* _Collected material_:
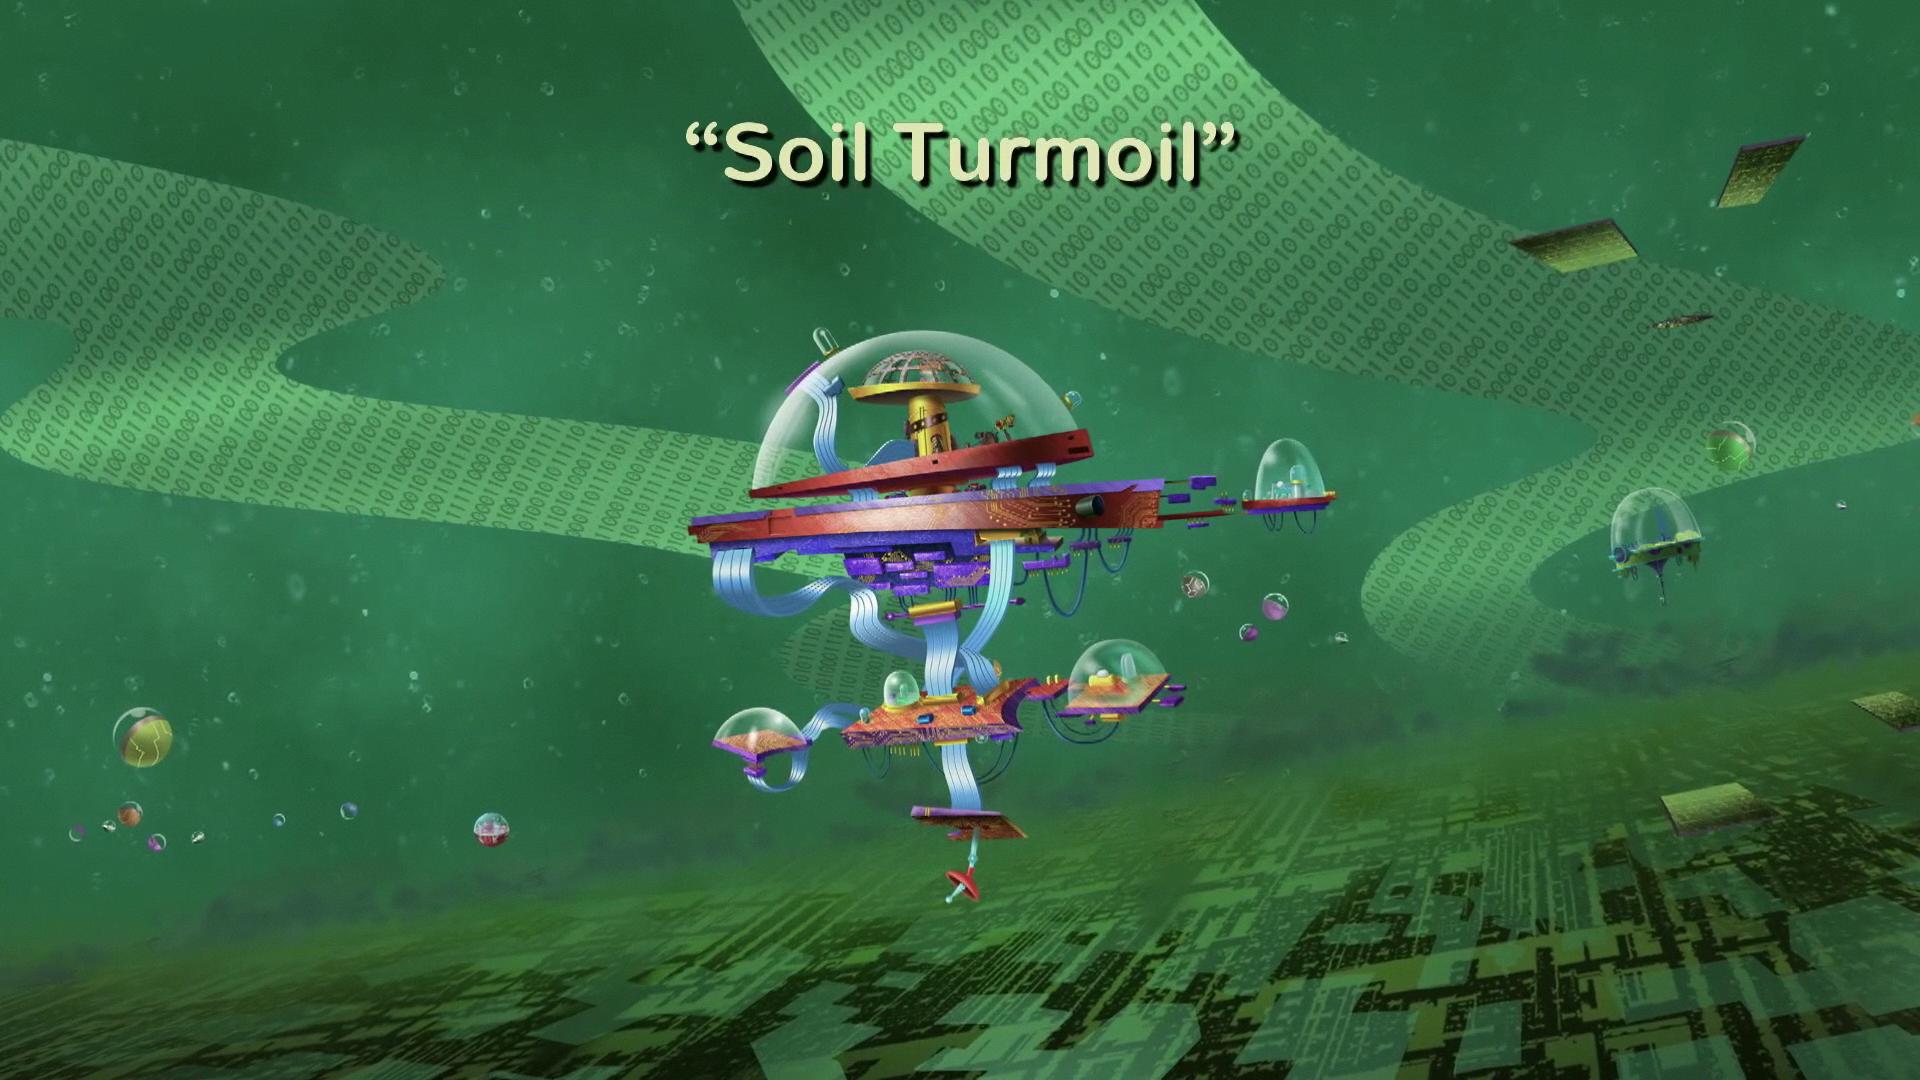 Soil Turmoil
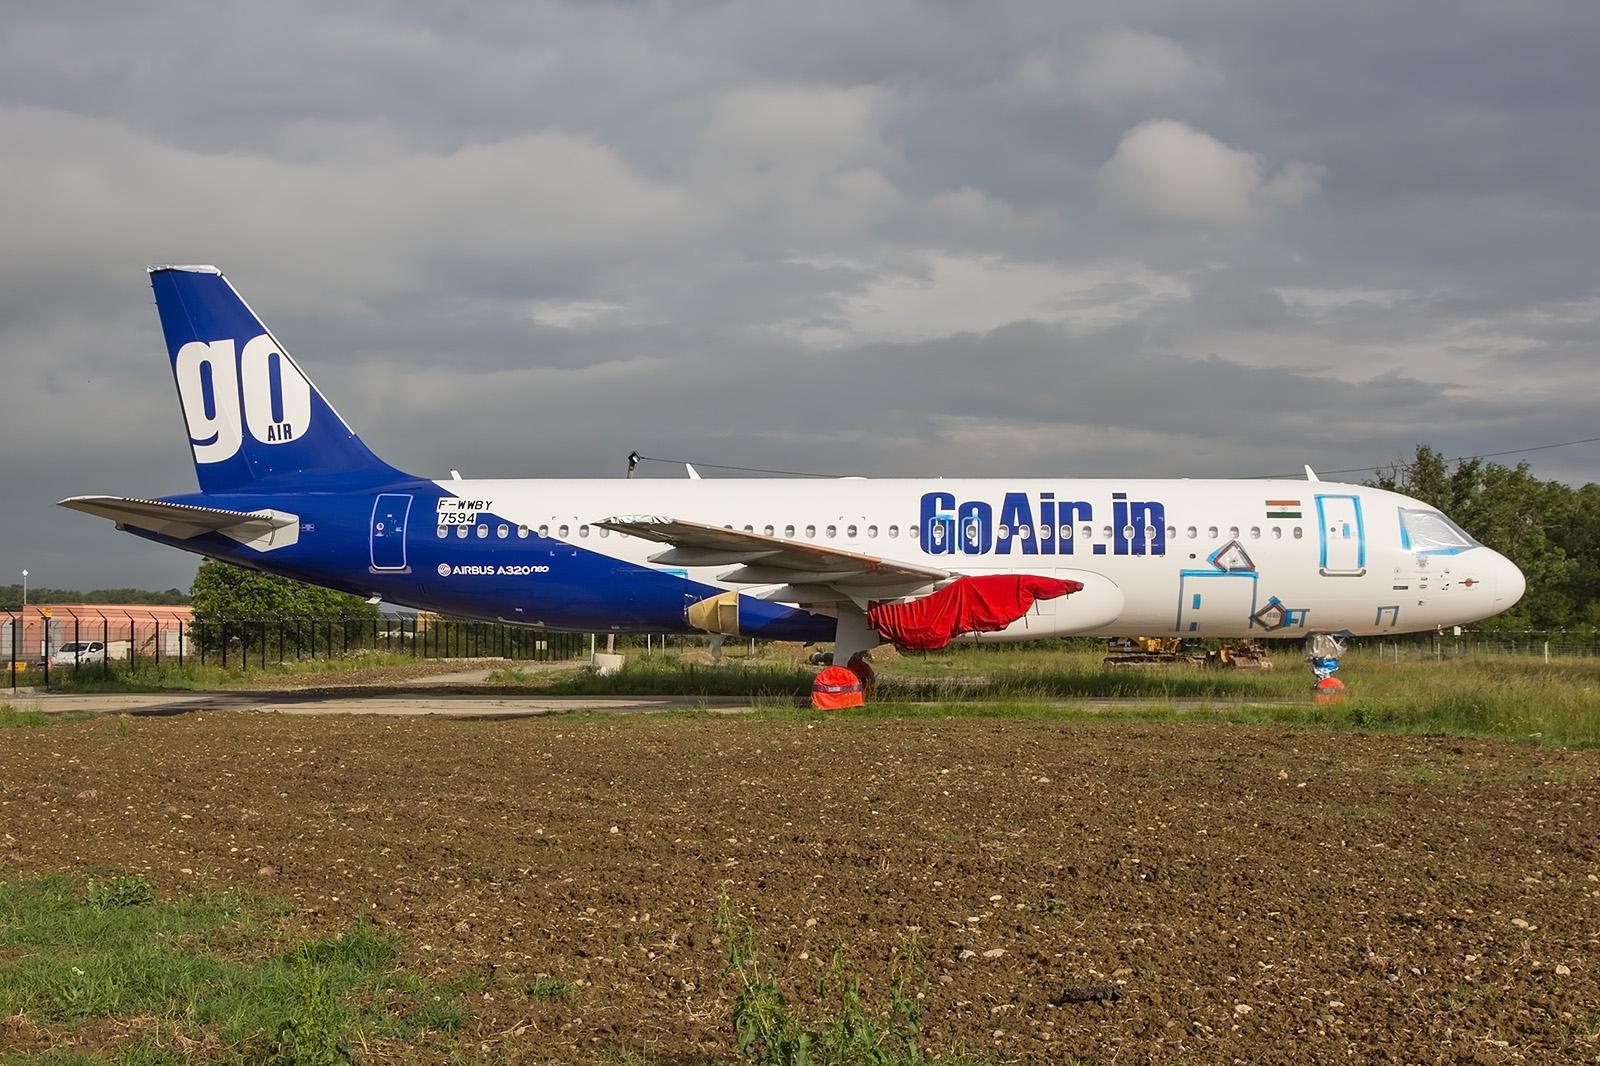 Eine der vielen halbfertigen A320NEO für Indien, die aufgrund der Triebwerksprobleme nicht abgenommen wurden.
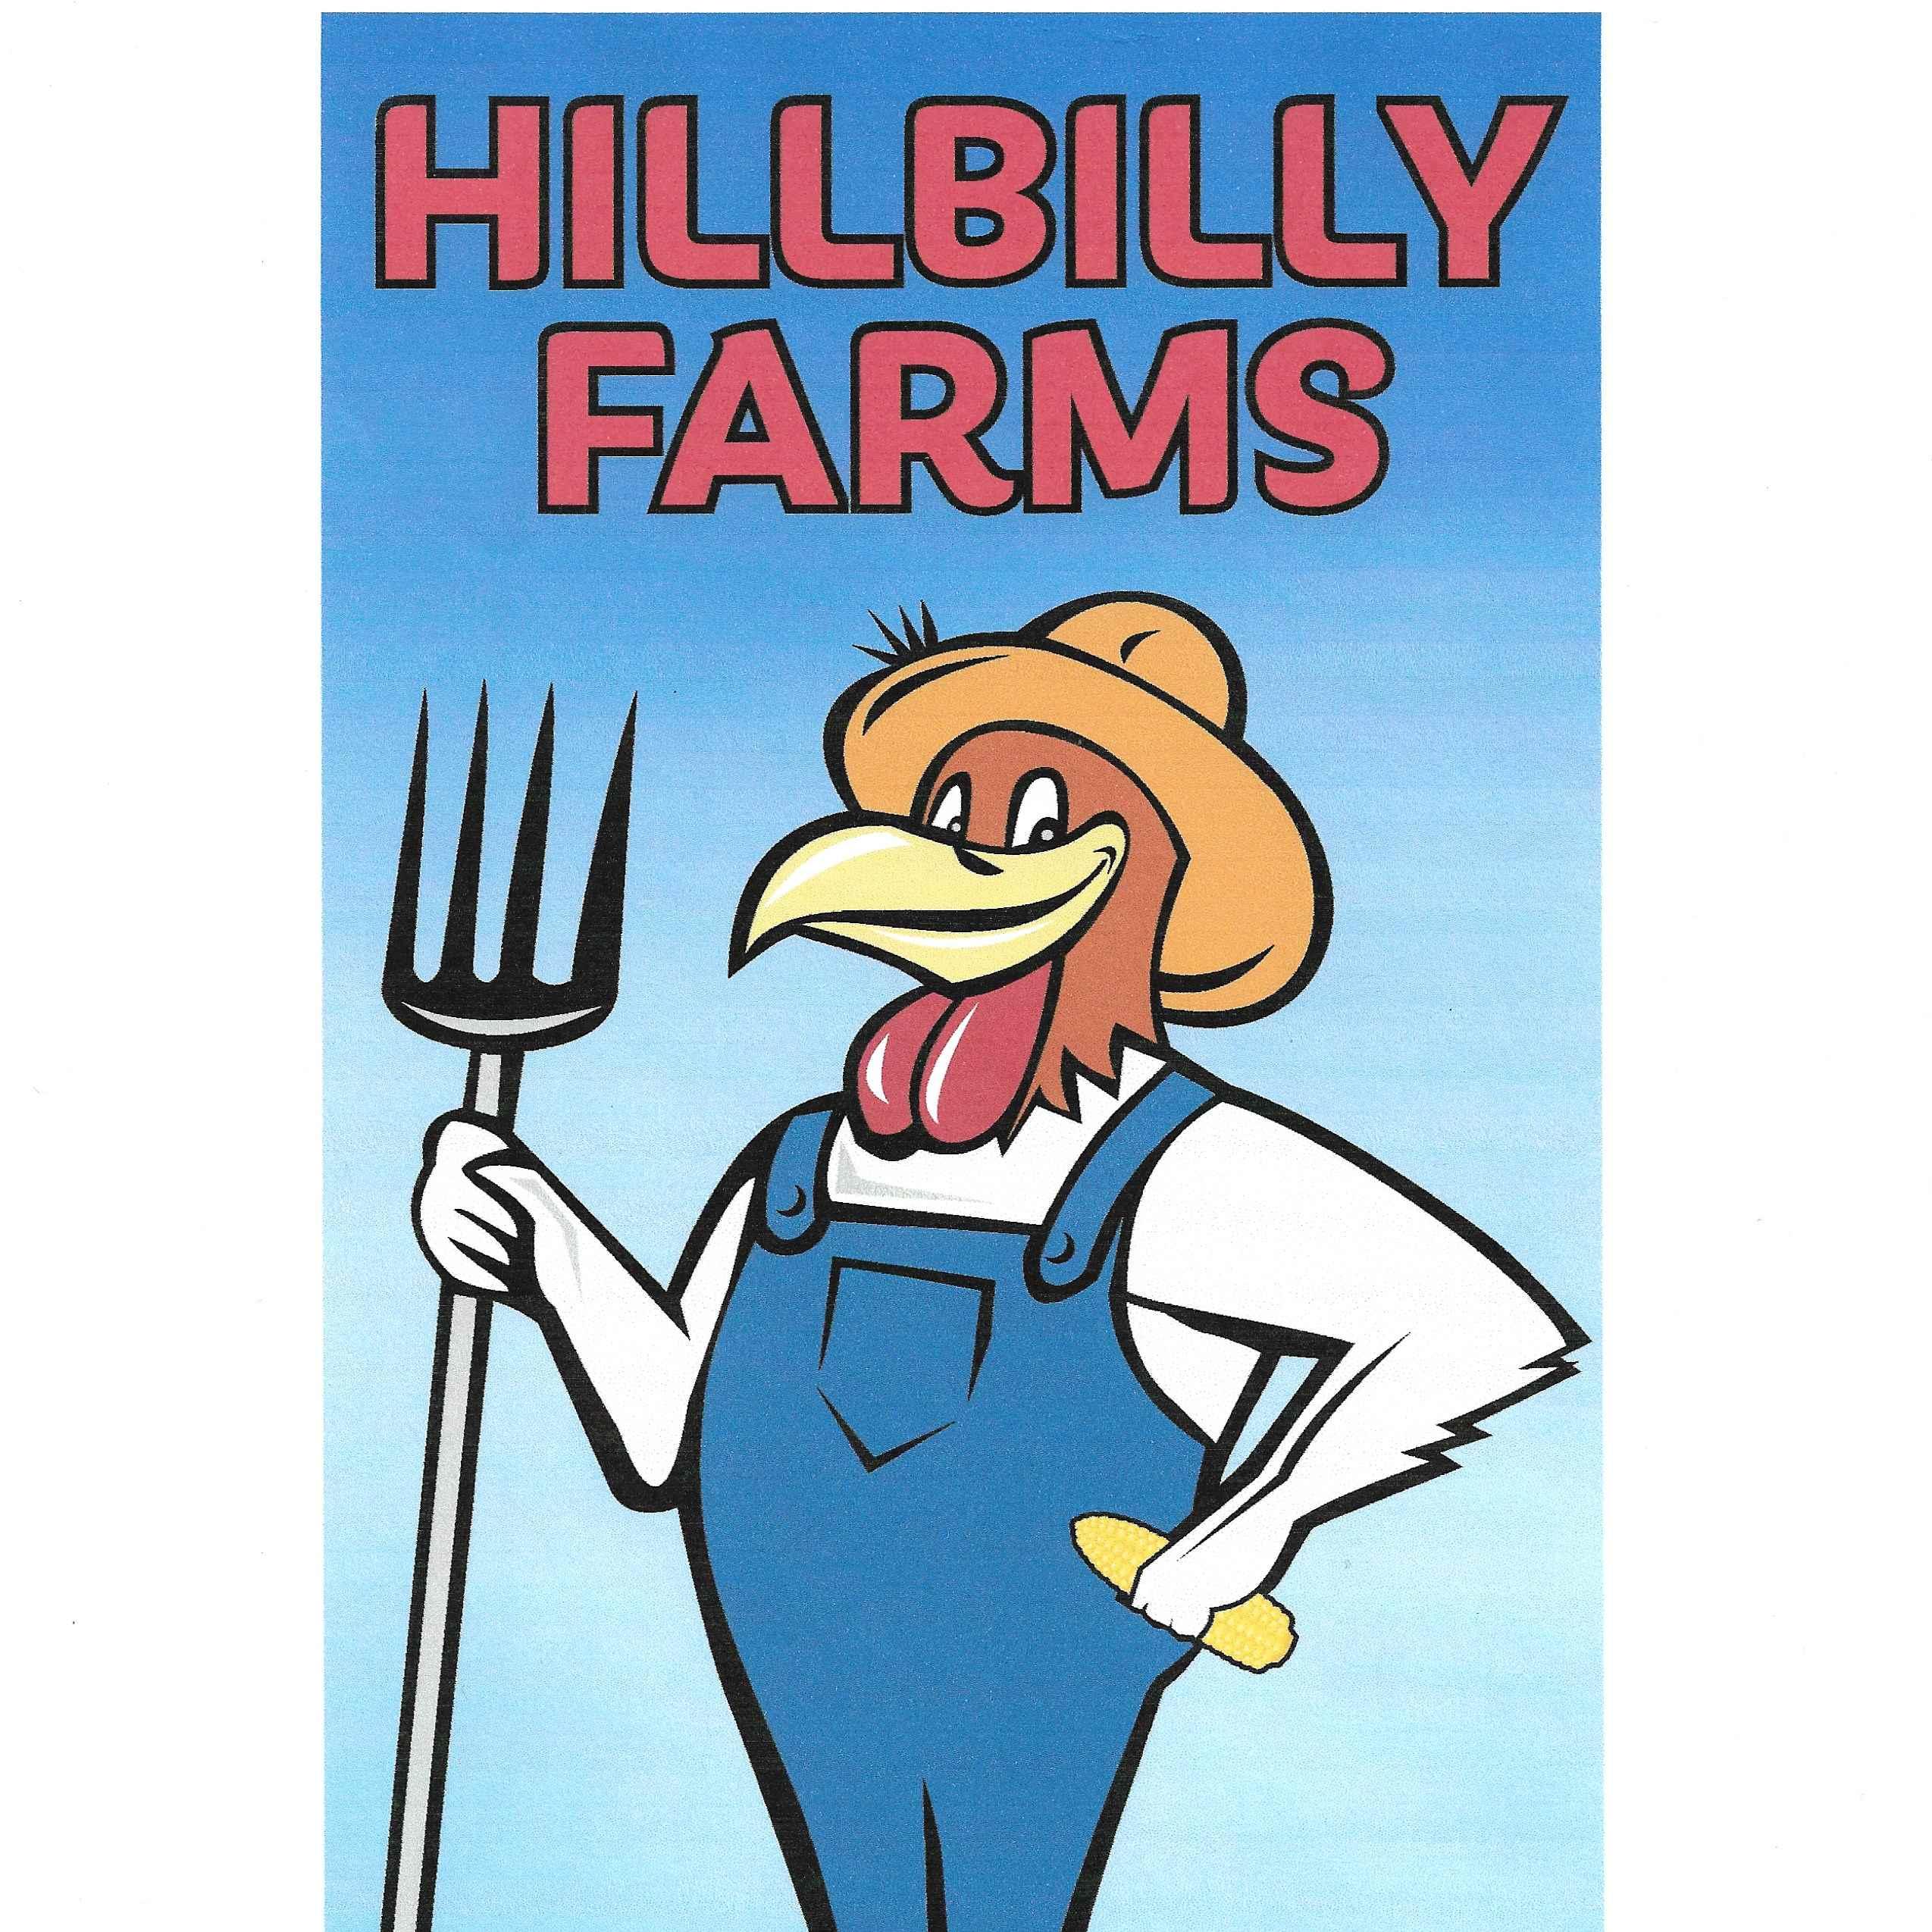 Hillbilly Farms

* _Requirement_:
What you give back must match the material word for word, with no images included.

* _Finished task_:
 Soil Turmoil
 Eine der vielen halbfertigen A320NEO für Indien, die aufgrund der Triebwerksprobleme nicht abgenommen wurden.
 Hillbilly Farms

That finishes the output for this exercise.